Canary deployment with Ruby on Rails on Kubernetes

3 minute read

If you are reading this, chances are that you are using Ruby on Rails as your framework of choice. There have always been two main options in the past for deploying rails apps. One was Heroku, with its easy git push buildpacks and fire and forget deployments. The other one was capistrano which targets people that manage their own infrastructure. Those people are willing to dedicate more time into maintaining that infrastructure. Heroku is a great option when you are small enough for it to be cheap. After a certain point, it’s better to manage everything yourself (unless you are a funded startup, then go and burn the money).

Ruby on Rails also has database migrations which maintain the db schema across many databases. All those migrations have to run at some point of time during your deployment cycle. Heroku builds a packaged app and runs the database migrations and asset precompilation (if necessary) before it activates every deploy. The same thing comes out of the box with Capistrano. It copies the code over to the server, precomlipes the assets and then the database migrations run. If everything was successful, it creates the current symlink and restarts the server.
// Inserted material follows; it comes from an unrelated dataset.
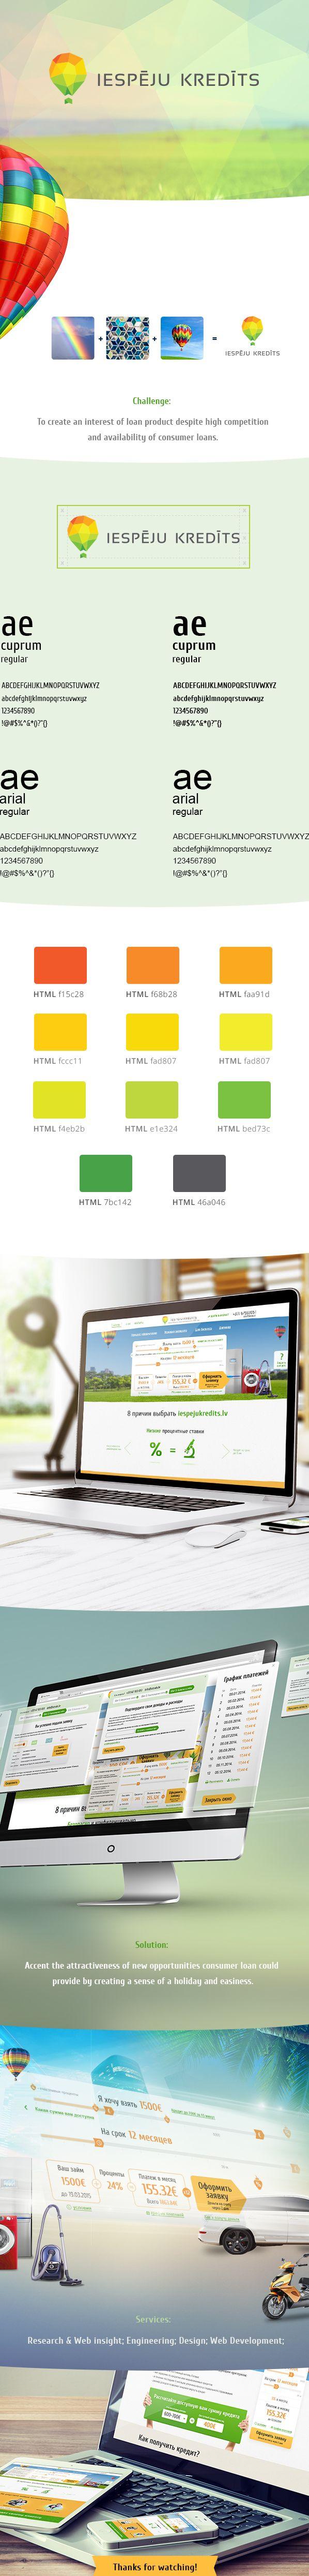 Breakthrough Web Concept for Loans Industry by uxdesignagency.com #fintech #finance #finserv #banking #banks #digitalbanking #onlinebanking #mobilebanking #bankingui #bankingux #bankux #financialui #mobilefinance #financialux #userexperience #uxdesign #uxui #ux #ui #uxdesignagency #bankdesign #financialdesign #design #webdesign #mobiledesign #mobileappdesign #mobileapp #paymentsui #banktech #financeappdesign #financialexperts #futurebanking #futurefinance

Using kubernetes, you package your application into a (more or less stateless) docker container. The ‘deployment’ strategy is pulling a new docker image and restarting the deployment pods using that image. We use rolling update to achieve zero downtime deployments, since we tend to deploy many times per day. After a trial and error period using initContainers on every deployment pod, I came up with an idea that could produce a true canary deployment strategy. You have to be careful because there will be a short period of time when old code is running with the new database schema. I plan to touch database migrations in one of my following posts.

There is one canary deployment container, set up with an initContainer that does the work, and busybox, doing nothing when the init finishes:

	- name: db-migrator
	  image: your-repo/your-container
	  imagePullPolicy: Always
	  command: ["/app/bin/rake", "db:migrate"]
	- name: canary-busybox
	  image: busybox
	    - containerPort: 80
	  command: ["/bin/sh", "-ec", "while :; do echo '.'; sleep 5 ; done"]

In Kubernetes, you use initContainers to setup the state before you run the actual container with the application code. You can also assert some configuration rules (i.e; the database exists) before the actual container starts. If you don’t trust your CI process, you can run the specs before running the main container. Whatever you do run in the initContainers list, it expects a successful exit to run the main app code. We are using this to assert that the database migrations (and other re-deploy tasks we run) suceed.

The way we do this is simple, we rollout the new version of the canary deployment, and then scale it to 1 replica. The replica starts, it runs the initContainer and then runs the database migrations, and other pre-deploy scripts until it’s successful. When all those exit with success, the deployment will be successful and we can restart the deployment running the main app after that. Then scale the canary container back to 0 replicas. This also creates an opportunity to run certain smoke tests before you restart the web services. Doing so can make the system even more reliable and resilient to errors.

The actual code that does the whole deployment process is here:

kubectl -n app rollout restart deployment app-canary
kubectl -n app scale deployment/app-canary --replicas=1
while : ; do
  kubectl -n app get deployment/app-canary | grep app-canary | gawk '{ print $2 }' | grep "1/1"
  if [ $? -eq 1 ]; then
    echo "Canary container is not up yet, retrying in 30 seconds"
    sleep 30
    echo "Canary container up and running, restarting deployment"

kubectl -n app rollout restart deployment app
kubectl -n app rollout restart deployment app-worker
kubectl -n app scale deployment/app-canary --replicas=0

If you are automating your deployment process, a wise thing would be to add a timeout and a notification if it fails to complete in given time. There could be some underlying error frying your production database, and you might not be aware of it while it’s happening.